Huang and Chen [49] studied the future trends of precipitation anomalies caused by the ENSO and found that the asymmetry of precipitation response is projected to further intensify under the background of climate warming. This is because in a warmer and moister environment, the response of the atmosphere to any given circulation anomaly will be amplified. Even if the forcing of underlying SST becomes more symmetric, the resulting shifts in convection may still lead to stronger and more spatially distributed precipitation anomalies. This indicates that the regional characteristics influenced by ENSO asymmetry may become more significant.
This conclusion is strongly supported by recent comprehensive research by Lieber et al. [118]. Their analysis of the CMIP6 model predicts that more regions worldwide will experience an amplification effect between ENSO historical teleconnection and mean and extreme temperatures and precipitation, rather than a weakening effect. The response to extreme events is very similar to the mean response, which means that regions where ENSO impacts are expected to increase may also face amplification effects of similar intensity of related extreme events. This amplification effect is not uniformly distributed and depends on the specific teleconnection path. For example, the “atmospheric bridge” linking the tropics and extratropics [119,120] may be altered, leading to a shift in extreme rainfall patterns in regions such as Australia [121].
The future direction of the ENSO’s relationship with other climate mode is also a key factor. For example, the asymmetric interaction between the ENSO and IOD is likely to be modulated by mean state changes [95,122]. In addition, transition dynamics, such as the rare but impactful shift from multi-year La Niña to strong El Niño, are projected to become more likely, posing new challenges for prediction and adaptation [87].

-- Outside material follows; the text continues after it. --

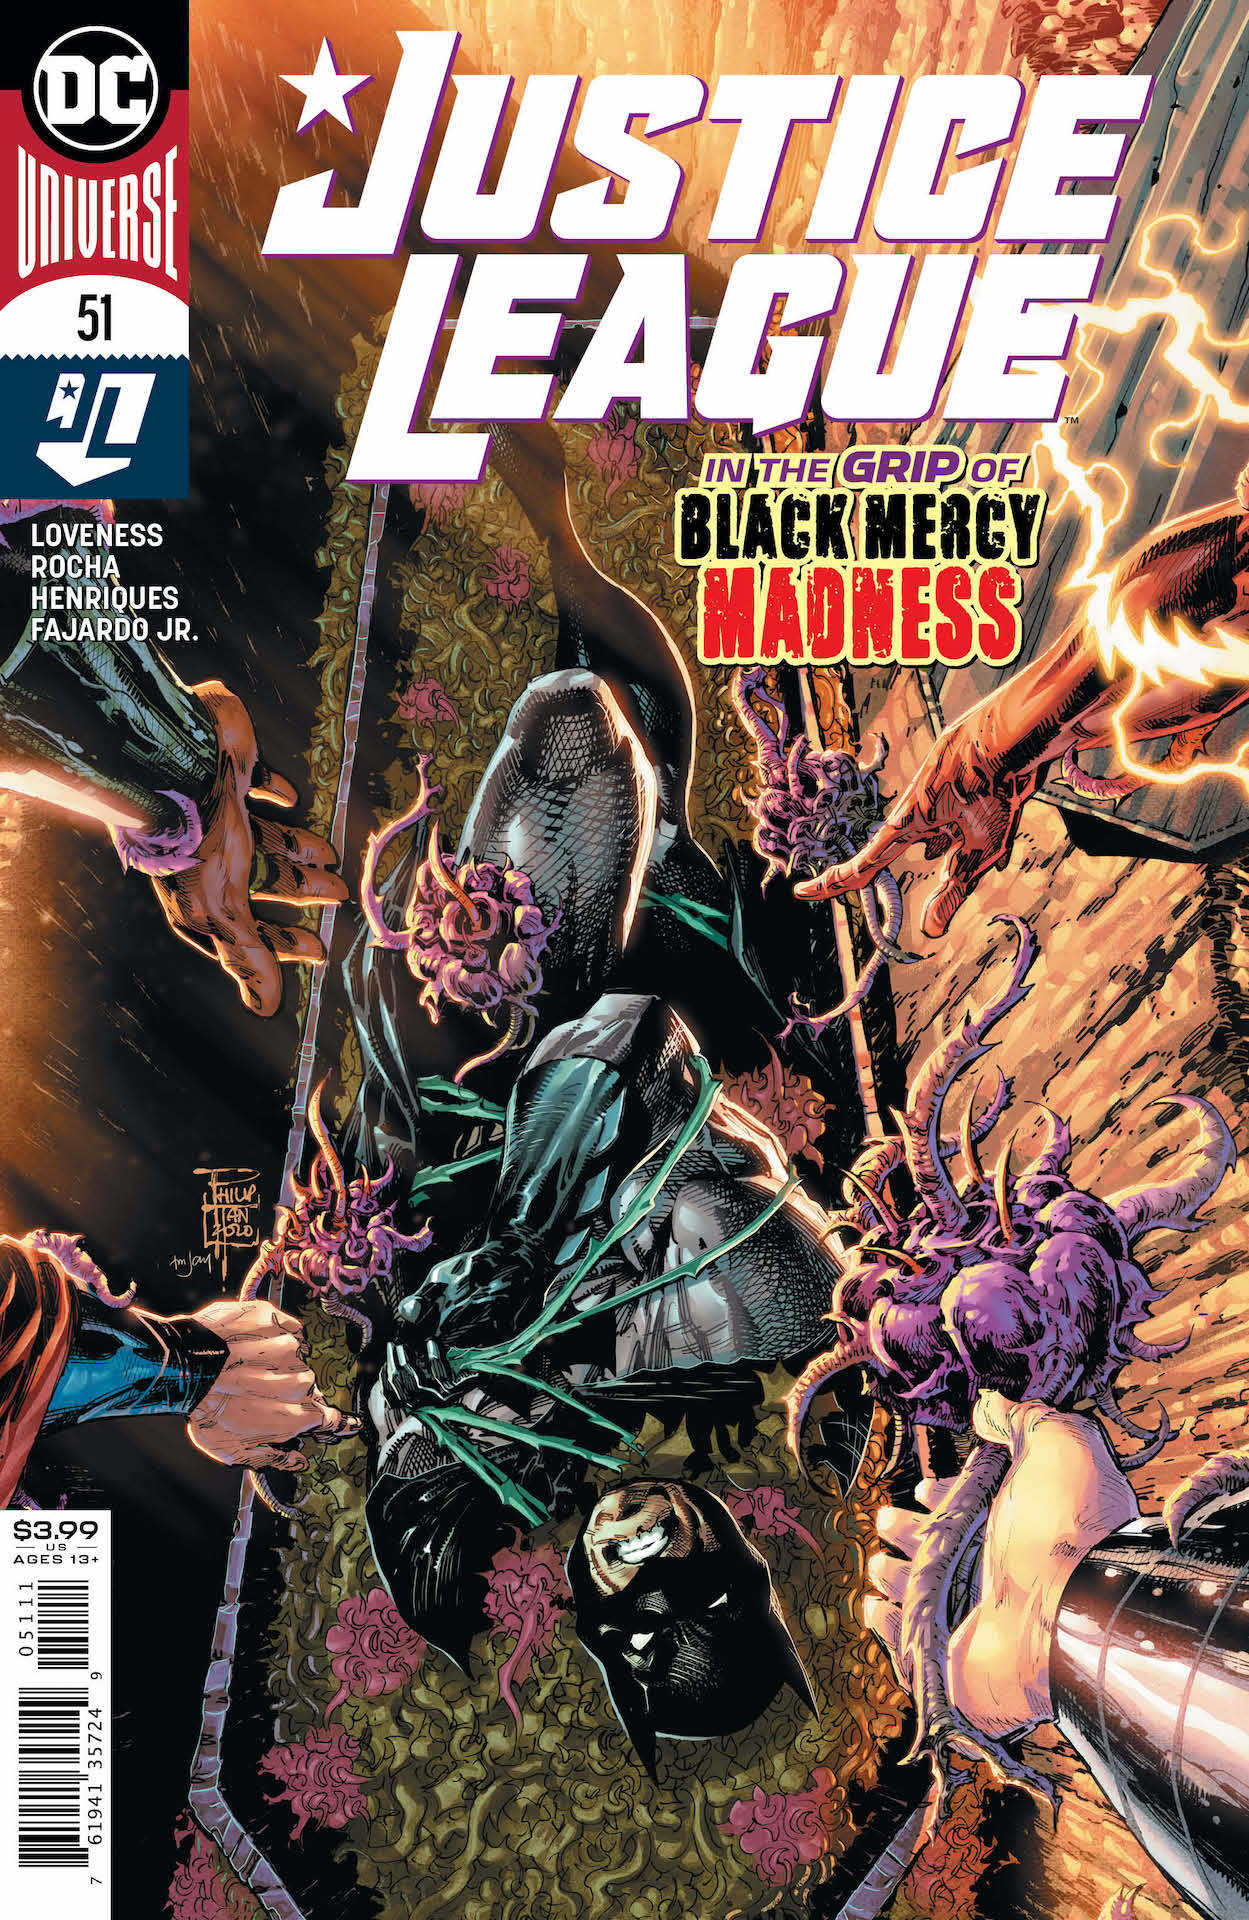 DC Preview: Justice League #51

Ultimately, the credibility of these future predictions depends on the ability of climate models to accurately simulate underlying nonlinear processes. Karamperidou et al. [31] established a clear correlation between the model’s ability to simulate ENSO nonlinear processes and its projected warming patterns. This underscores a core challenge: significant biases like the equatorial cold tongue bias persist [58,77], they not only degrade the simulation of current ENSO asymmetry, but also create significant uncertainty on the predictions of future ENSO events.

7. Synthesis and Future Directions

The El Niño–Southern Oscillation is essentially asymmetric. This asymmetry is not a slight deviation from the ideal state of symmetry, but rather a core feature reflecting the profound nonlinear characteristics of the coupled ocean–atmosphere system. In the past two decades, the scientific community has shifted from simply recording this asymmetry to analyzing its underlying causes and consequences. This review integrates a broad body of research to construct a complex but internally consistent overall picture.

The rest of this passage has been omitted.